For the first time in many decades at least, the police station in Comino has been closed for the winter and its complement of officers asked to report for work in Gozo.

Research suggests that it is probably the first time that there will be no guard or police presence in Comino since the building on the shore’s edge in Santa Marija Bay – which has served as Comino’s Police Station for decades – was constructed by the Knights of St John in 1743.

Police station was painted an attractive pastel pink for many years

This winter’s shuttering is the latest manifestation of changes in priorities under the present commissioner, Angelo Gafa. Appointed in 2020, Gafa has championed community policing and halted some perks for the police such as serving at banks (the banks used to pay for the service; officers assigned to the banks were paid on top of their salary for the service). The closure of Comino’s police station may also be a casualty of a police force depleted by resignations and retirements in recent years.   

Although there is little policing to be done in Comino in the winter low season, sources within the police have expressed guardedness about the absence of police in Comino – the feeling is that daytime patrols or presence are warranted. Comino still attracts straggles of day visitors, as well as some campers, throughout winter. Boats ferrying visitors run from Malta and Gozo all year round.

Comino (Copyright Daniel Cilia)

It also has two elderly residents, a handful of excellent historical sites, and it is an EU-level protected area, a Natura 2000 site.

Its chapel, which is situated 150 metres behind the now-shuttered police station, continues to open for mass every Sunday. The priest travels back and forth from Gozo every Sunday to say mass.

As a Natura 2000 site, Comino is managed by the Environment and Resources Authority (ERA), and the government agency Ambjent Malta has been rehabilitating habitats in Comino in what is the only rewilding project in Malta. It has planted many trees, mostly African tamarisks, and carried out earthworks at the back of Santa Marija Bay in a bid to regenerate a salty marsh that existed before that area was denuded and trodden by years of camping. The campsite was eventually moved to a field close to the Blue Lagoon.

ERA is rewilding Comino

This website wrote to ERA to enquire about enforcement of conservation-related laws and prevention of vandalism now that the police are gone for the winter.

A spokesperson said that “ERA conducts monitoring inspections on Comino all year round, and that compliance and enforcement inspections are independent of the police presence on the island.”

“However,” he added, “the Authority works closely with the police and requests police assistance whenever required, irrespective of location.”

The building that has for decades served as Comino’s police station was the third defensive structure built by the Knights on Comino.
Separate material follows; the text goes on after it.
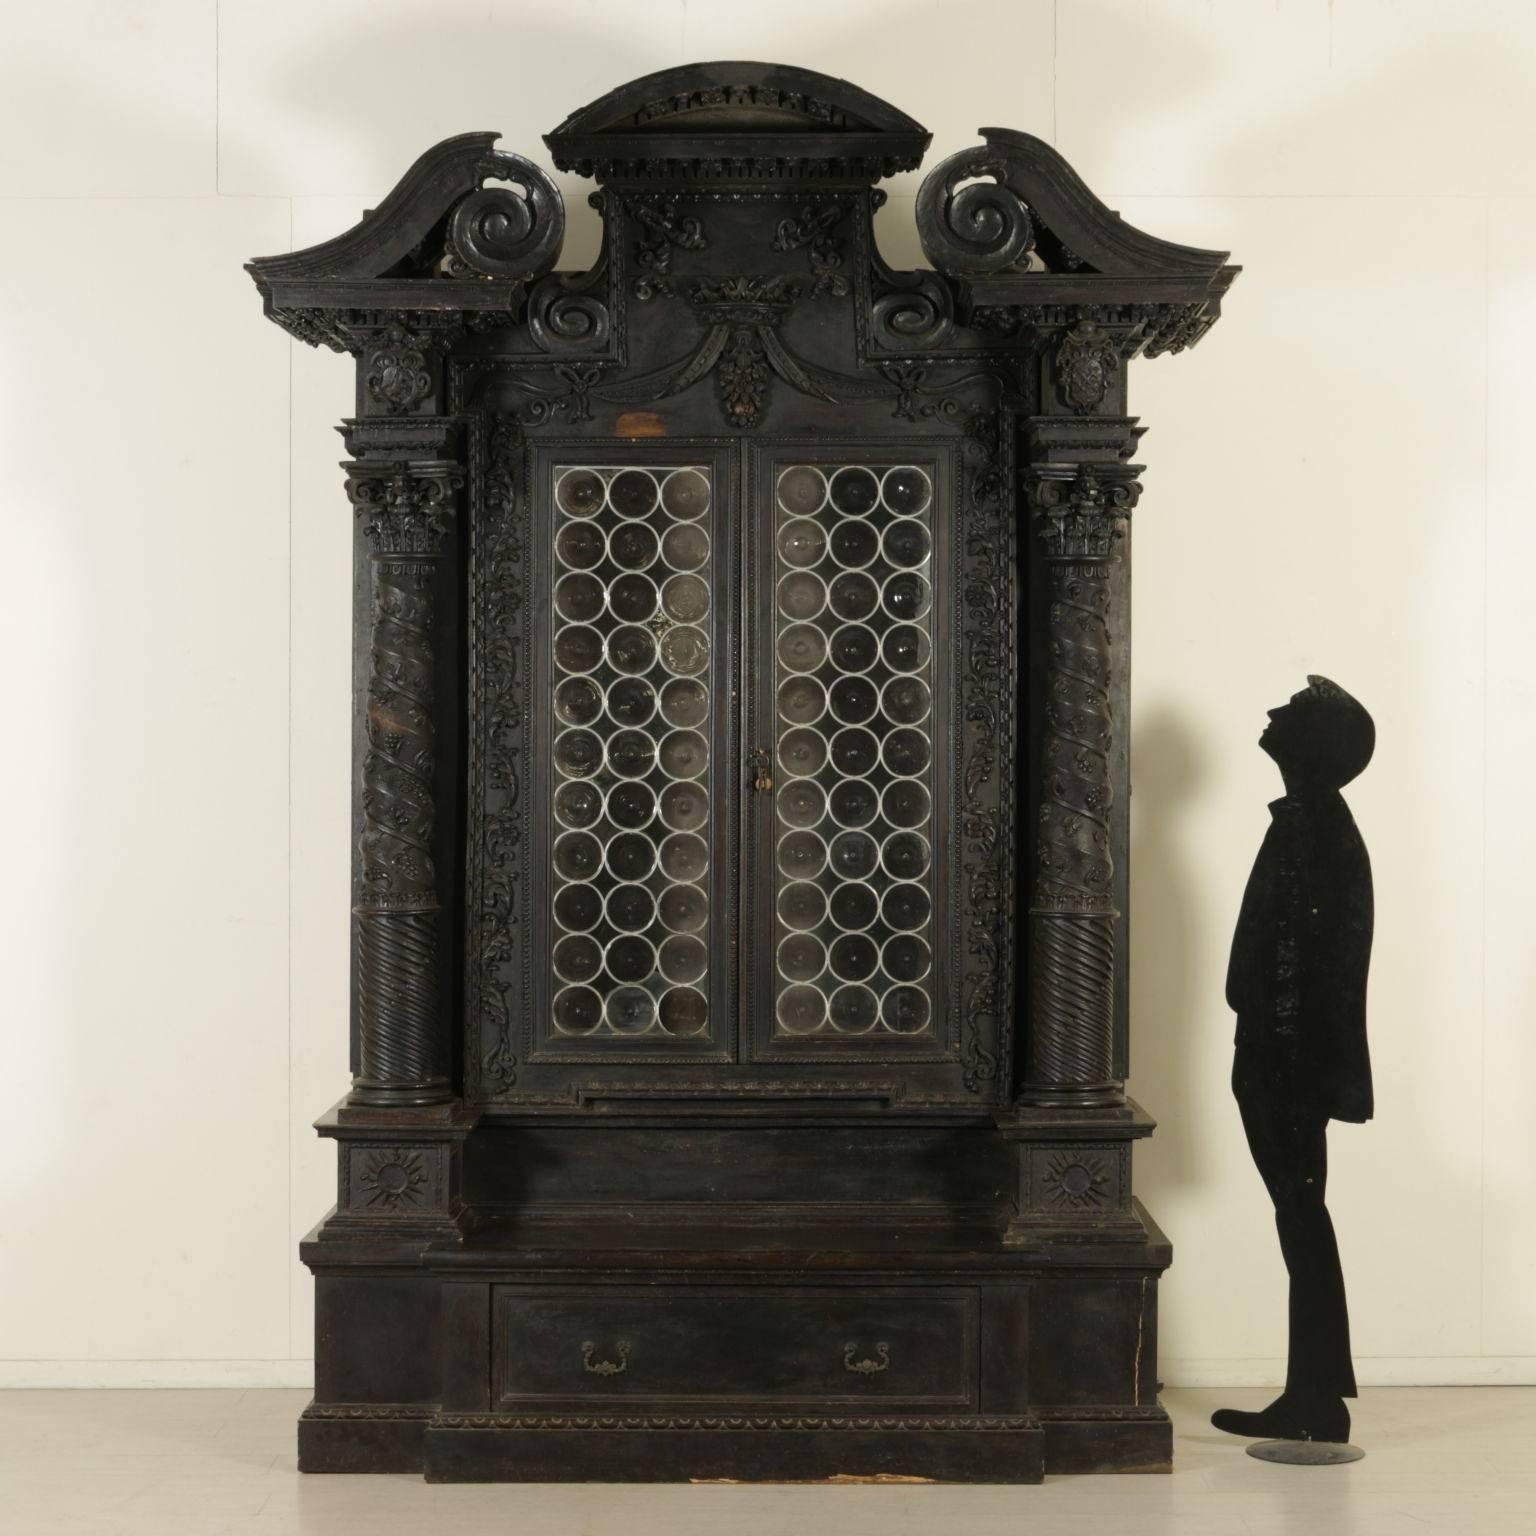 An important Renaissance Revival two-door walnut veneered bookcase with artistic glasses. It features a pair of towers with Corinthian capitals ending in a tripartite tympanum. Richly carved with floral and vegetal patterns and a crown with drapery.
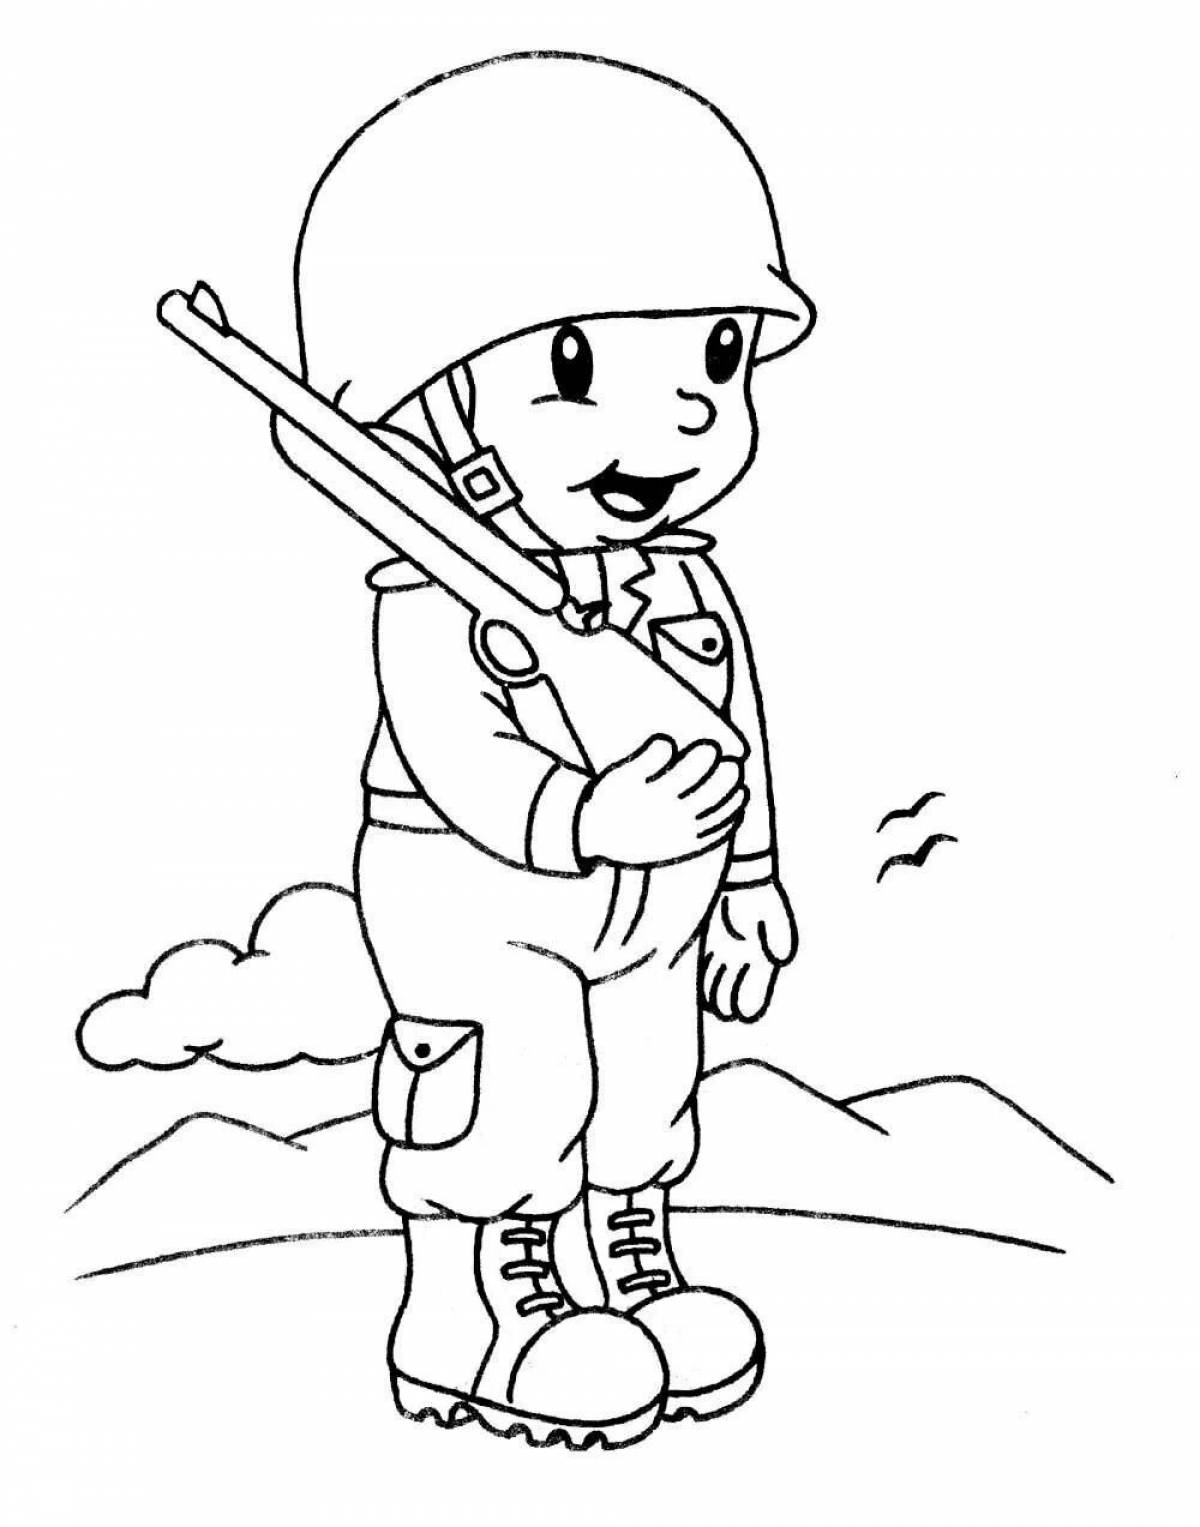 Coloring page brave soldier and child

The east and south coasts were first fortified by the St Mary’s Tower, built in 1618, and a hundred years later by building St Mary’s Battery, constructed in 1714. The outpost on the shore in Santa Marija Bay – now the police station – was built in 1743 and intended to guard Comino’s largest bay and the northwestern part of the island. For some time, Comino was a hunting preserve of the Knights (like Buskett).

The medieval chapel situated 150 metres behind the police station is dedicated to Our Lady’s Return from Egypt and thought to have been built in the thirteenth century. Some historical accounts maintain that the earlier chapel was destroyed by pirates and then rebuilt when the Knights established military presence with the construction of the tower and the battery, and eventually the outpost in Santa Marija Bay.

The medieval chapel

That’s when mass began to be said, and has continued without interruption until today. Now mass has outlasted the police presence.  

There are currently two full time inhabitants in Comino, two elders and siblings who are the last vestiges of the community of peasants that were at their numerical peak a century ago. At the time they numbered 65 inhabitants and were employed to cultivate the fields of Captain Arthur Zammit Cutajar, who had leased Comino from the government to run it as an agricultural estate. But the agricultural estate did not endure, by World War II it was financially floundering.

Peasants used to live in the building known as the village (Copyright Victor Paul Borg)

The police station was kept open all throughout, and for a long time in recent decades a complement of four officers used to take turns serving in pairs in cyclical roster of 48 hours. The police slept in the station during their 48-hour shifts.

Sleepovers were then halted last summer, and last week the station eventually closed for the winter.

The closure is likely to intensify talk about decisions by police leadership. Last Sunday this website reported that the all-important police’s financial crime department has been left without a chief after the police commissioner did not launch a selection process for chief as instructed by the Public Service Commission.